The Restaurant
Cafe Mutton opened in late 2020 inside a small triangular corner storefront at 757 Columbia Street on the east side of Hudson, four blocks south of Warren Street and a ten-minute walk from the Amtrak station. Chef-owner Shaina Loew-Banyan - whose CV includes posts at Saltie in Brooklyn and the Diner in Williamsburg, plus a longer run cooking the lunch and weekend programme at the Old Stone Inn in Mendham, New Jersey - opened the room as a deliberately small daytime-and-early-dinner project with seating for roughly twenty across a single twelve-seat counter, a four-top by the window and a small communal table at the back. The kitchen is fully exposed and runs the length of the room - the diner watches the entire pass from any seat - and the front-of-house operates a hybrid counter-and-table-service rhythm in which guests order at the counter and food is delivered to the table. The space is small, light-flooded and unfussy: white-painted walls, hand-thrown ceramic plateware, a single shelf of well-selected cookbooks above the back banquette, and a hand-lettered chalkboard menu that changes daily with what arrived at the back door that morning.

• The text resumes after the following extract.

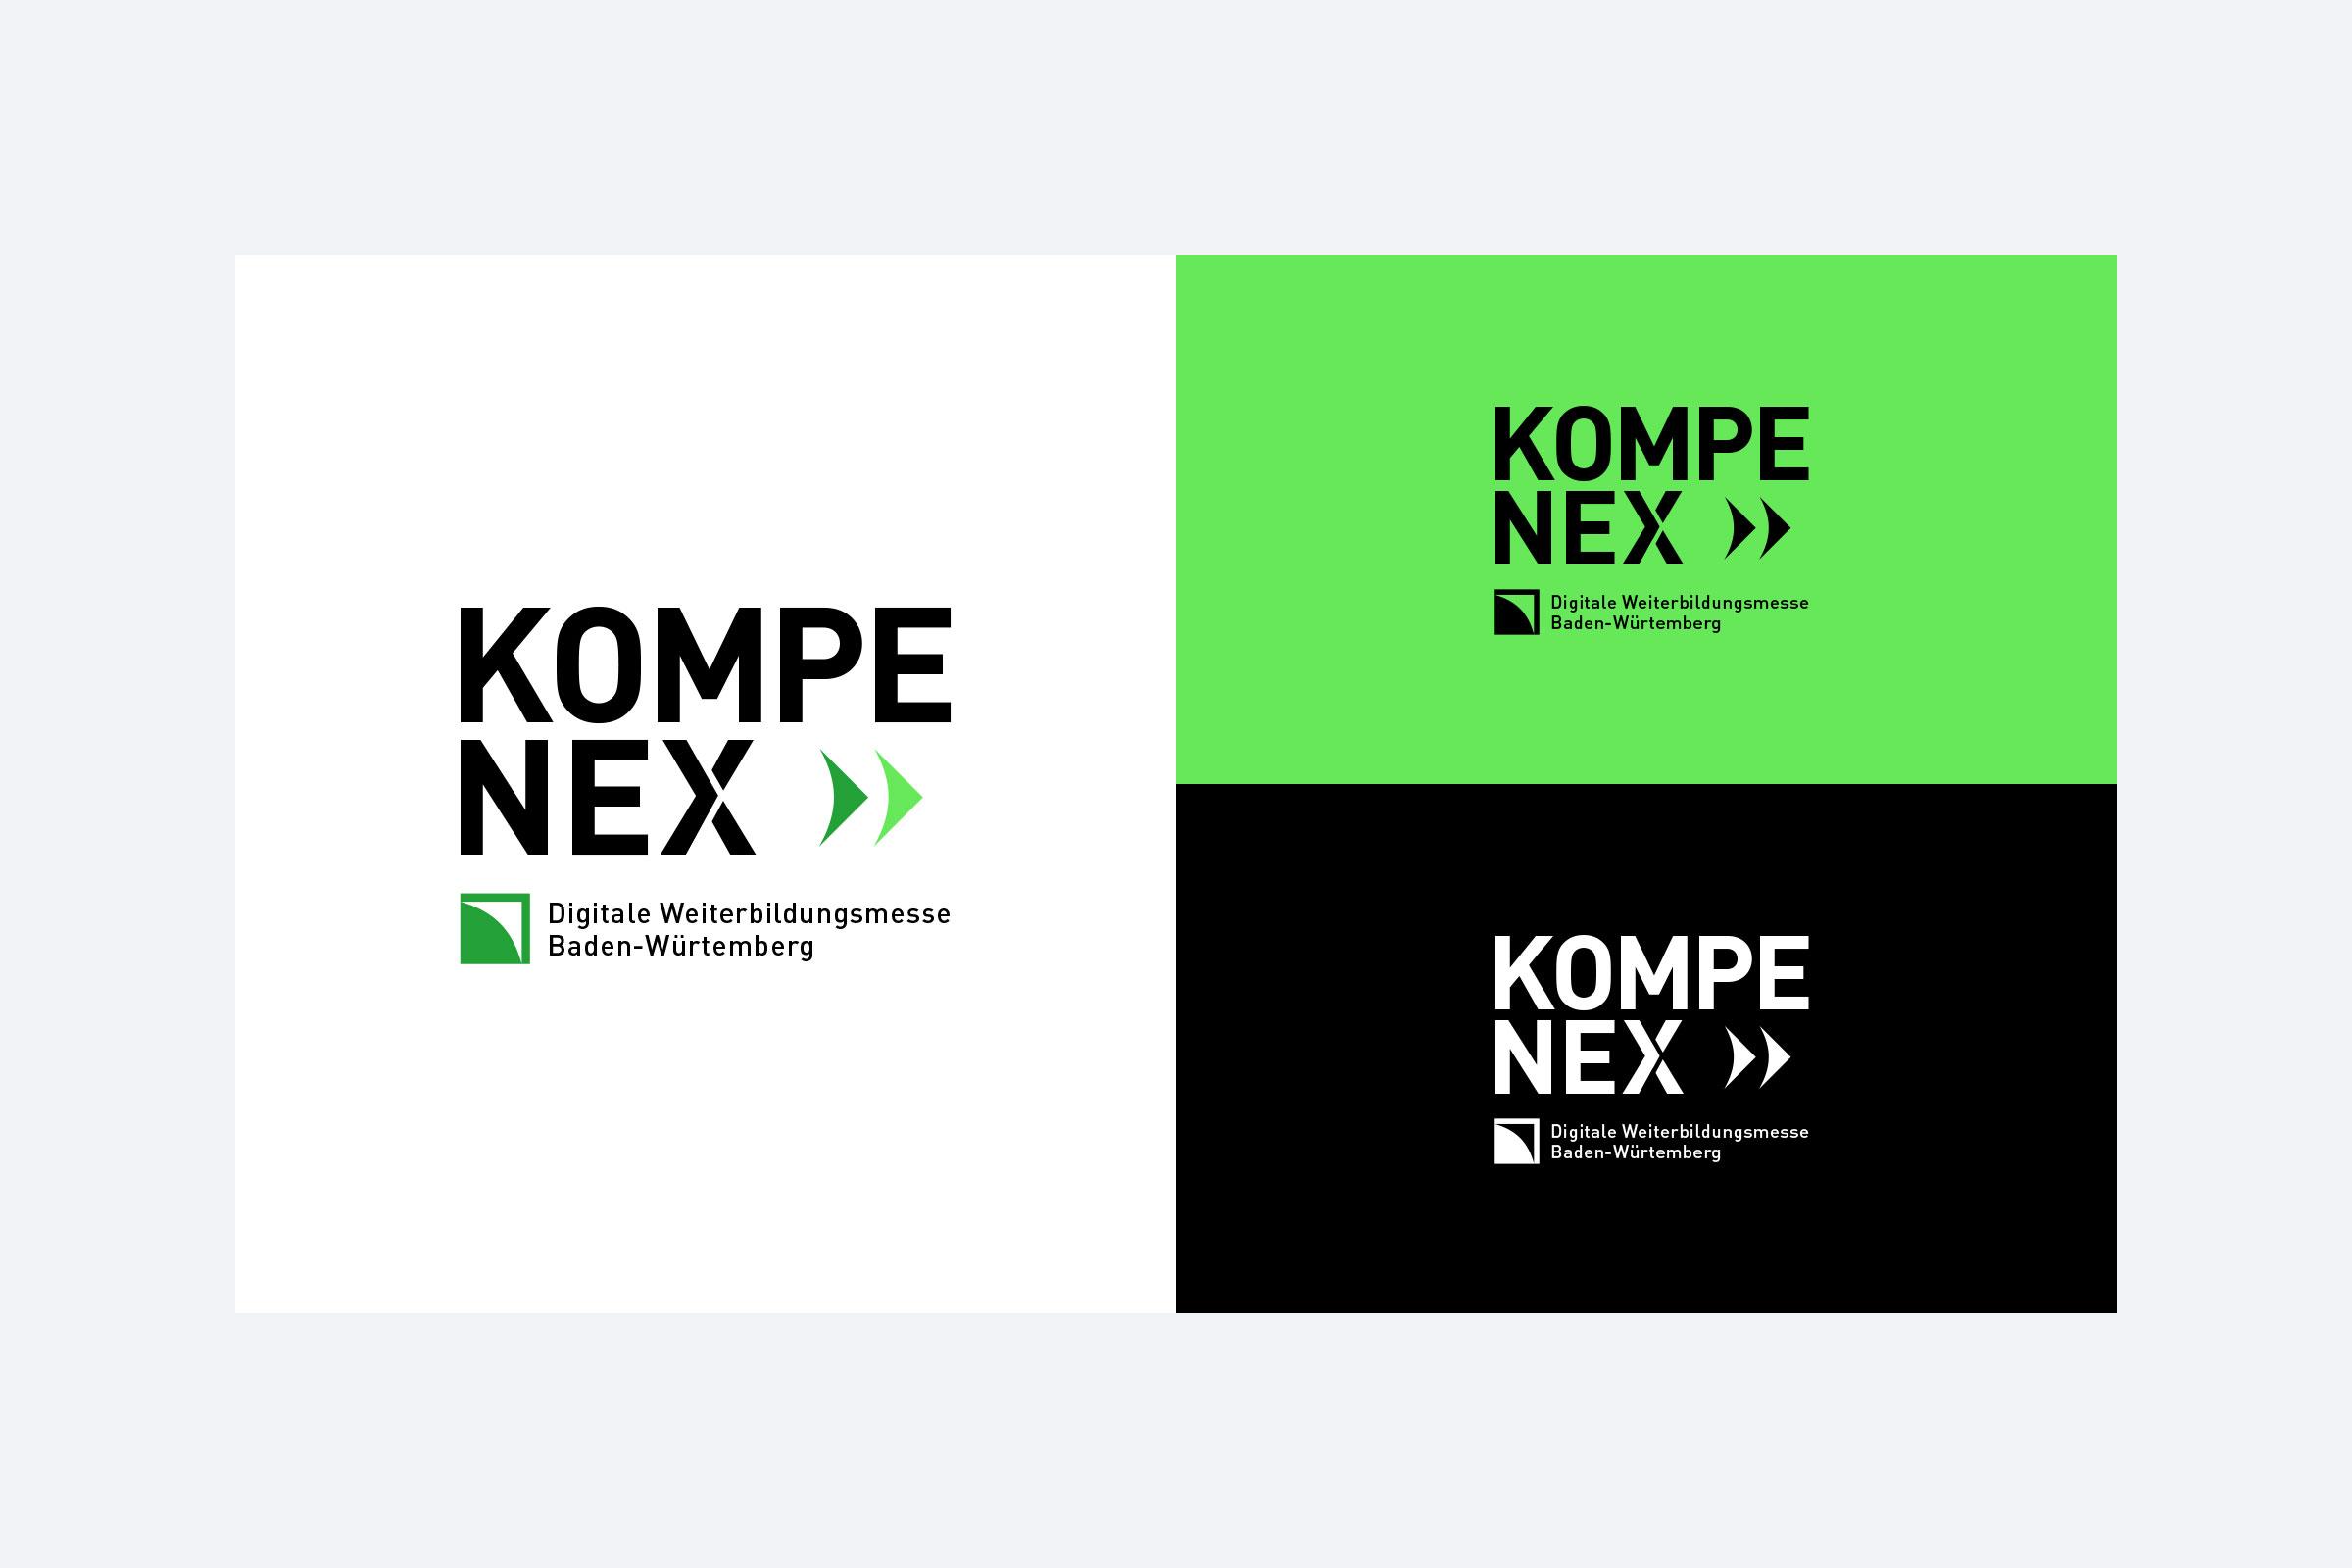 Kompenex_2

The kitchen project earned Cafe Mutton a 2023 James Beard Foundation Best New Restaurant semifinalist nomination - one of the youngest restaurants in the country to receive the recognition that year - and has since been profiled in the New Yorker, the New York Times and Bon Appetit. Loew-Banyan's cooking is deliberately unfashionable: a serious offal-forward programme (lamb tongue, beef heart, sweetbreads, chicken livers) executed alongside a vegetable-driven menu that draws from Greene and Columbia County farms, plus a small bread-and-laminated-dough programme that supplies the morning's croissants, scones, biscuit sandwiches and the brioche buns that anchor the room's much-loved 'big sandwich' service through the lunch hours. Signature plates have included a beef-heart tartare with smoked-paprika aioli, a chicken-liver pâté with fennel mostarda, a lamb-tongue Reuben on house rye, hand-rolled pasta with whatever the morning produced, and a Sunday whole-roasted-bird programme that the kitchen runs as a single-protein evening service two weeks each month.

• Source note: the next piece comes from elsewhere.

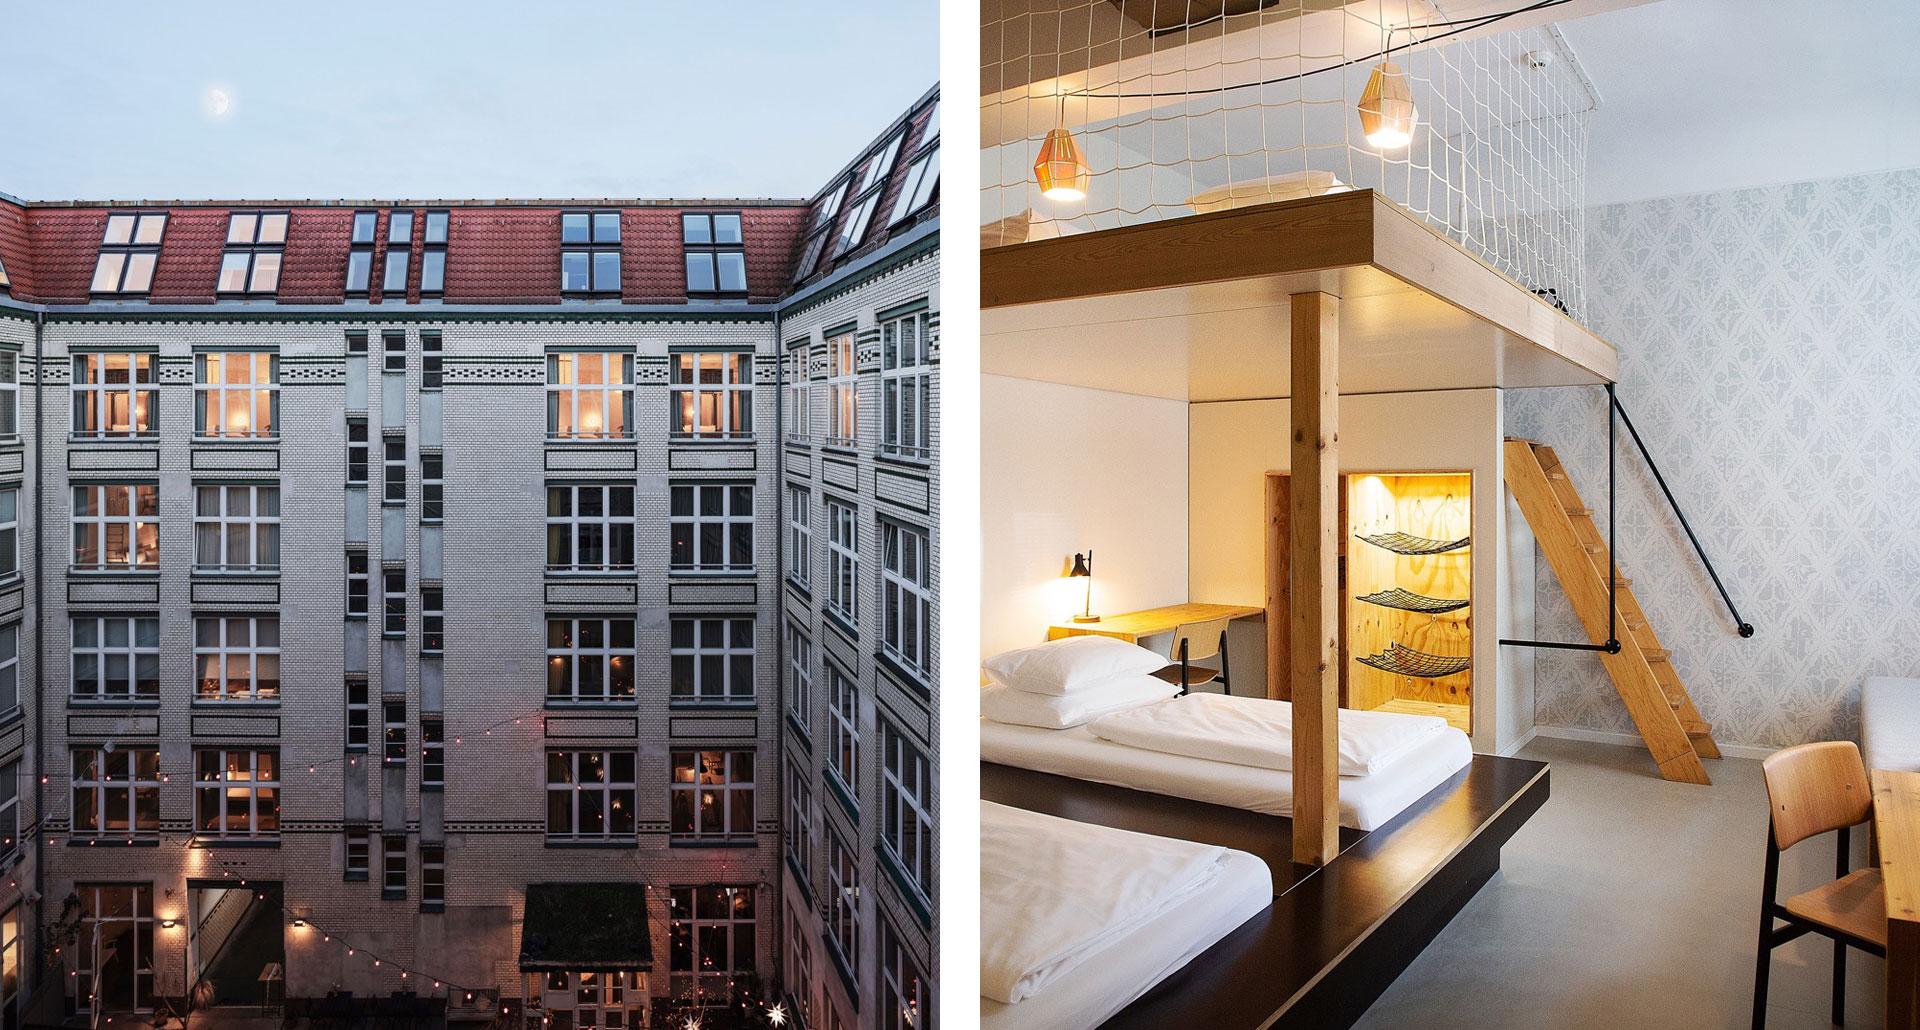 Michelberger Hotel - boutique hotel in Berlino

The drinks programme is deliberately edited: a tight ten-bottle natural-wine list rotating monthly, a small but very serious cider section (Aaron Burr Cider, Sundström Hard Cider, Snowdrift Cider Company), and a non-alcoholic offering of house-made shrubs, sodas and tonics that the kitchen treats as a real menu rather than an afterthought. Reservations open thirty days ahead on Resy and prime Saturday-and-Sunday brunch and early-dinner seatings book within minutes. For a Hudson visitor who wants the city's most distinctive kitchen experience at the room's most accessible price point, Cafe Mutton is the unambiguous reservation.

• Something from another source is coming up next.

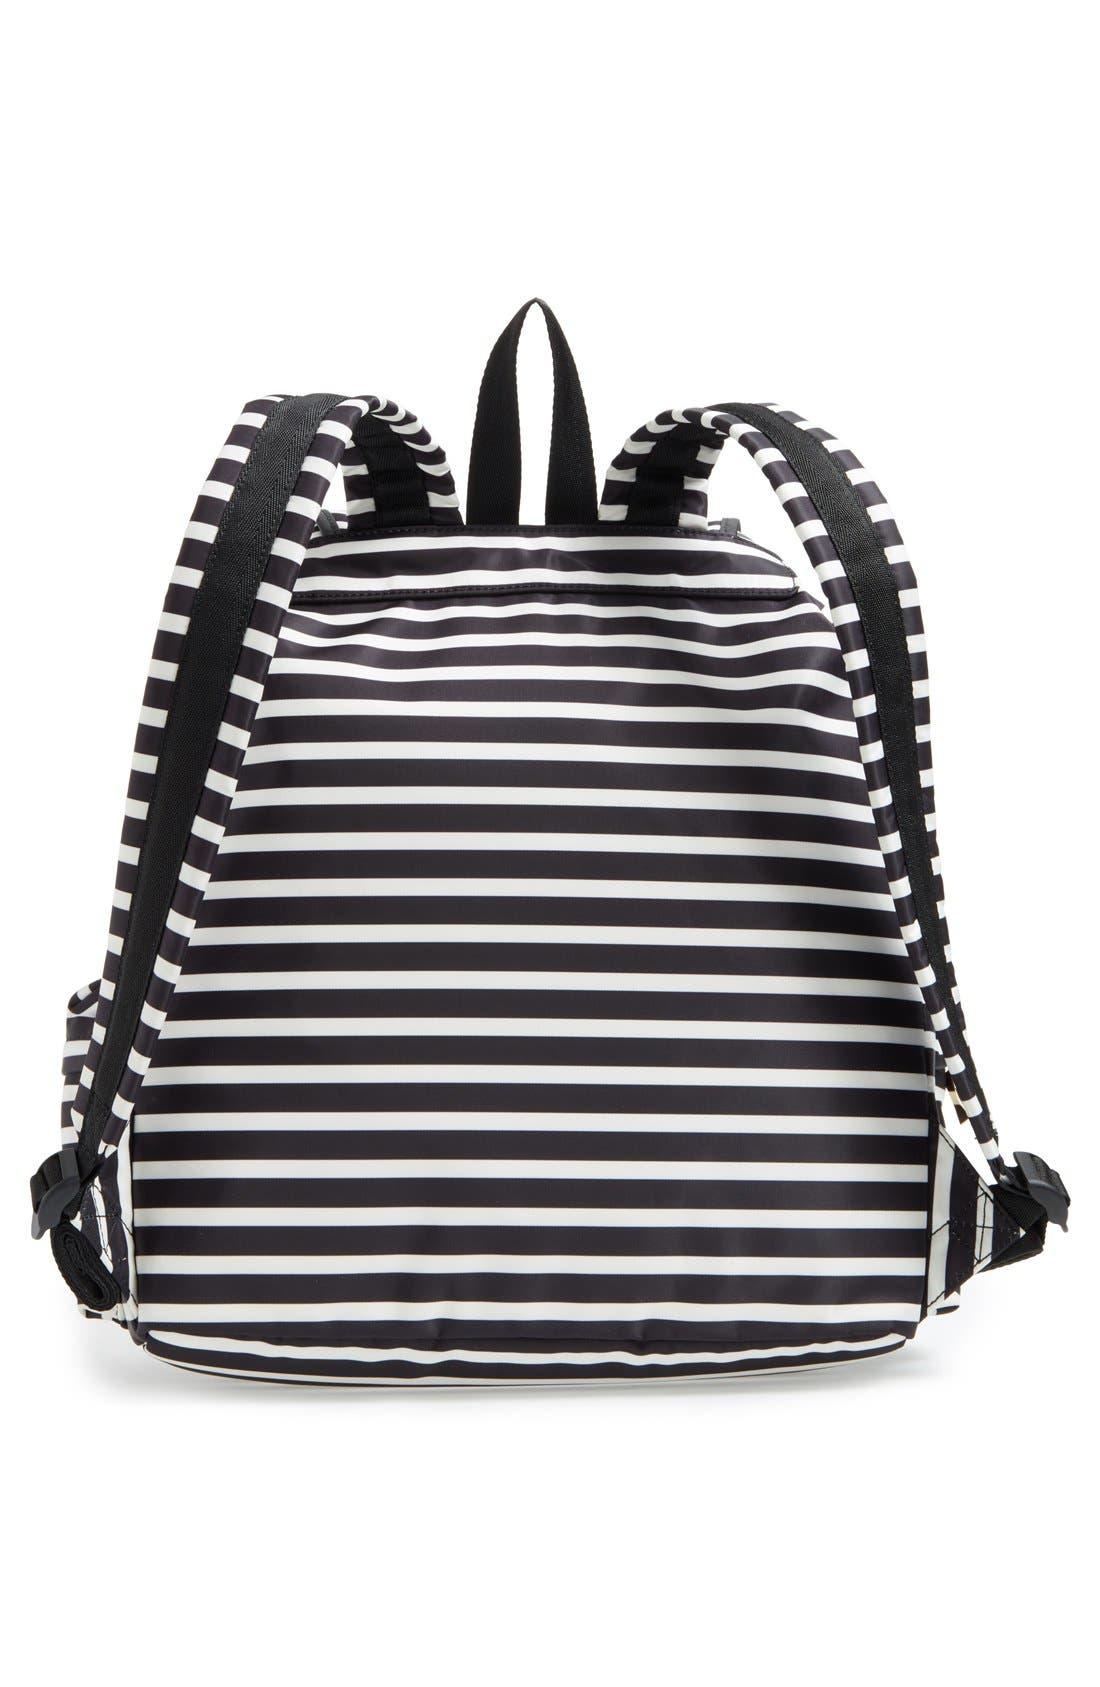 Alternate Image 3  - kate spade new york 'classic - clay' nylon backpack

Why This Is Hudson’s Solo Dining Pick
For solo dining in Hudson, Cafe Mutton is the room the city's own chefs and food writers recommend first. The twelve-seat counter facing the open kitchen is the most generous solo seat in the Hudson Valley - the diner watches the entire pass for ninety unhurried minutes, the line cooks plate within arm's reach, and the kitchen's small size means a single guest's questions about the menu, the offal, the bread programme or the cider list are answered by the cook rather than passed to a captain. The counter-service rhythm removes the awkward solo-table grammar that traditional fine-dining rooms struggle with: there is no maître d' to ask whether you are waiting for someone, no laminated wine list to navigate alone, and no expectation that a single diner will order multiple courses to justify the seat. The chalkboard menu changes daily and the offal-and-vegetable bias rewards the curious eater who is willing to order what arrived at the back door that morning rather than what they planned to eat on the way over. And the room's James Beard recognition means the meal reads as a national experience even though the entire restaurant fits inside a single triangular corner storefront.